— WORK TO COMPLETE —
Exactly the lines starting at the line containing "Sculpture Of Ganesha" and ending at the line containing "Casadei Pink Ribbon" are to be written out from the listing below, both included.

— DATA TO EXAMINE —
----
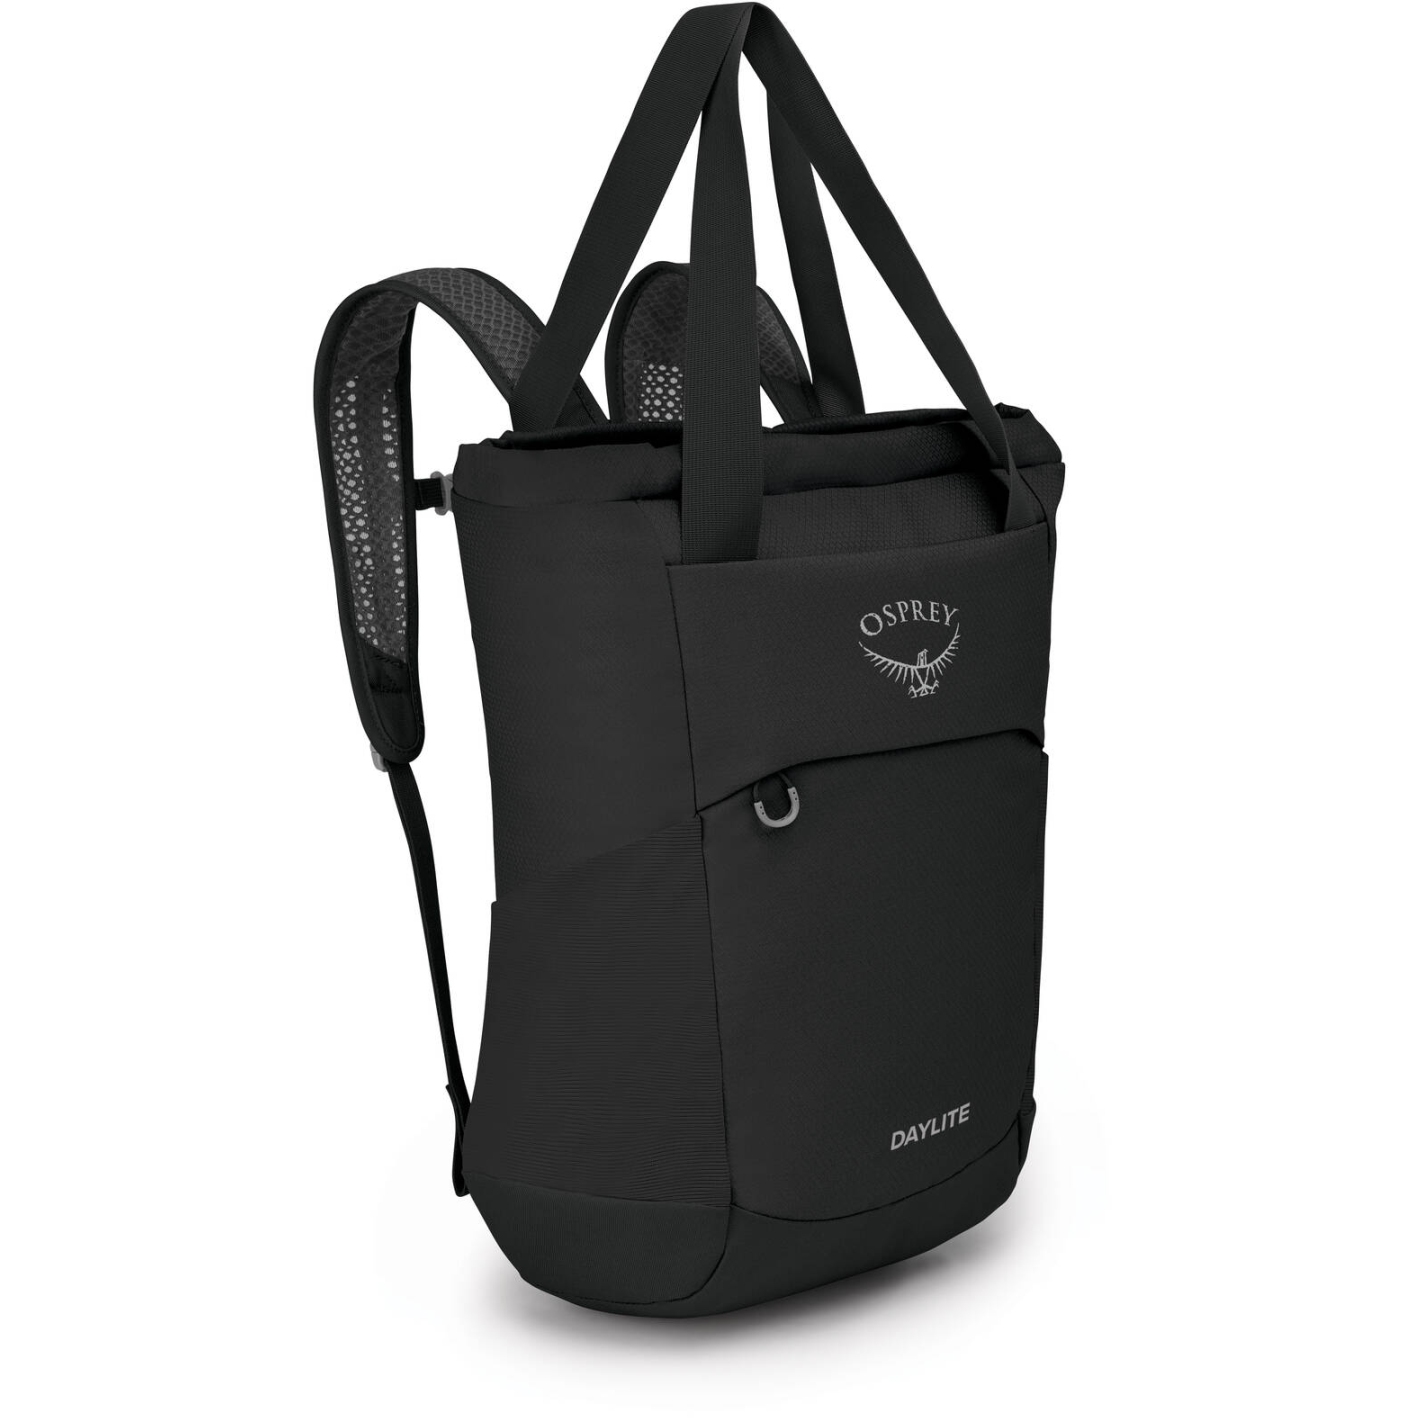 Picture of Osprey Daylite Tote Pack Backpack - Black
----
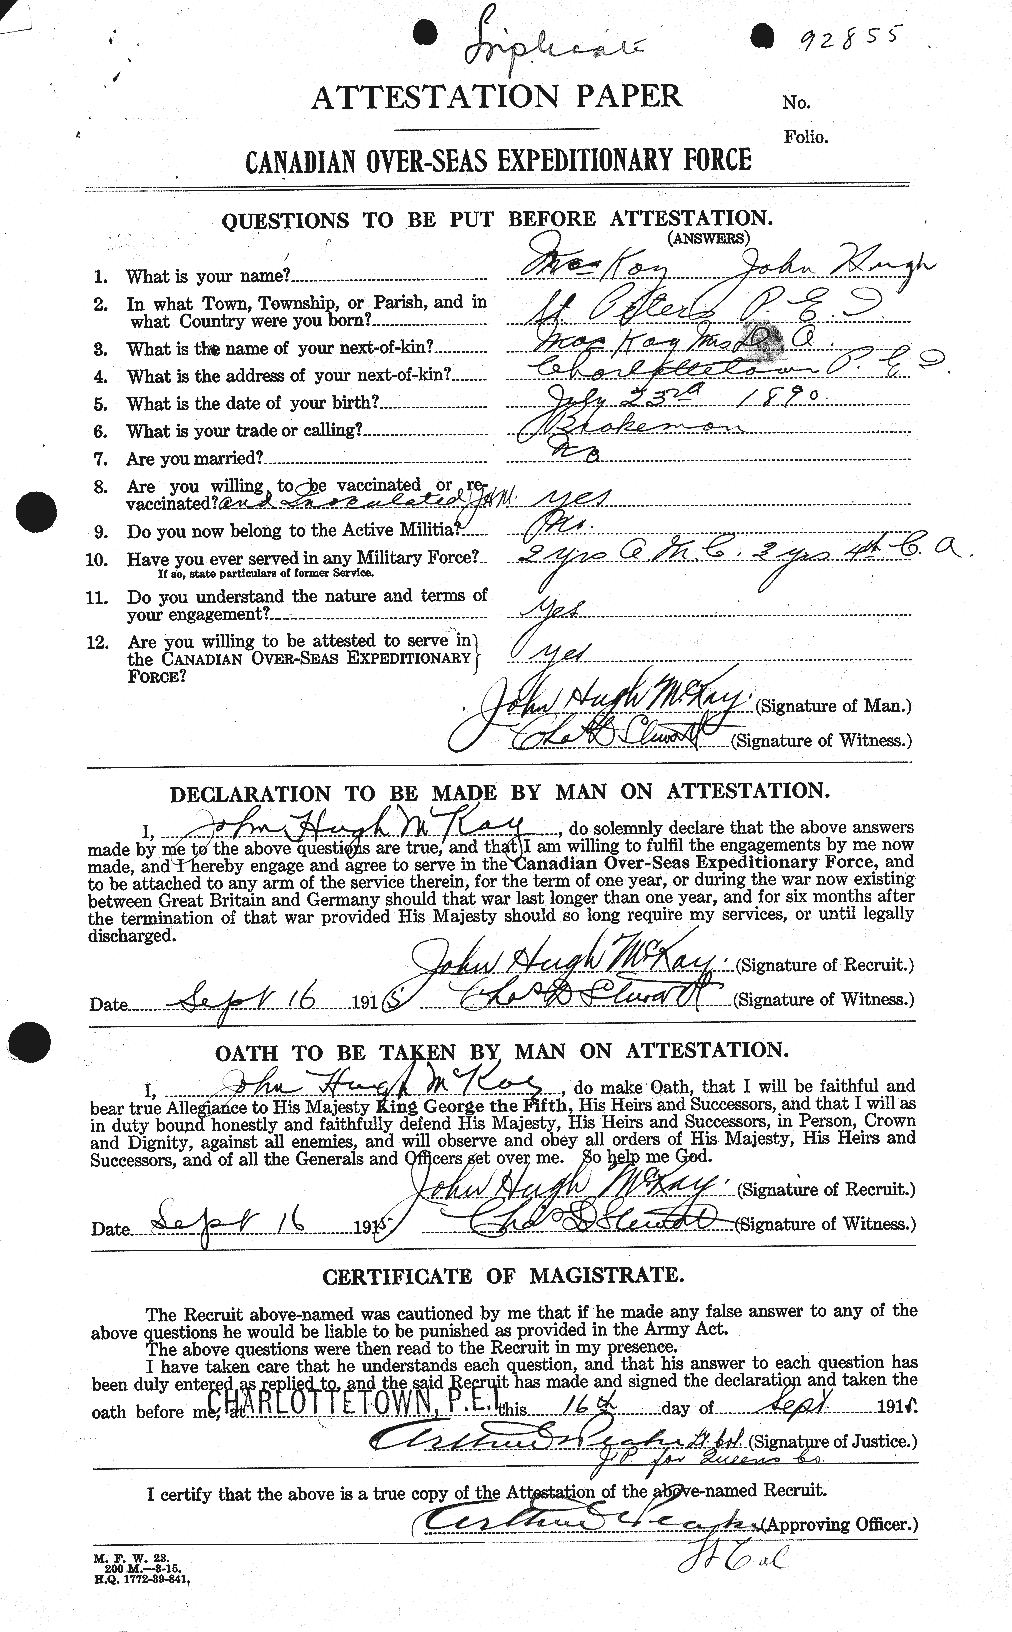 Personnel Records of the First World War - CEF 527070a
----
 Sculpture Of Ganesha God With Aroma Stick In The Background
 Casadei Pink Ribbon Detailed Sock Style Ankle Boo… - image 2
----
— ANSWER SPACE —
 Sculpture Of Ganesha God With Aroma Stick In The Background
 Casadei Pink Ribbon Detailed Sock Style Ankle Boo… - image 2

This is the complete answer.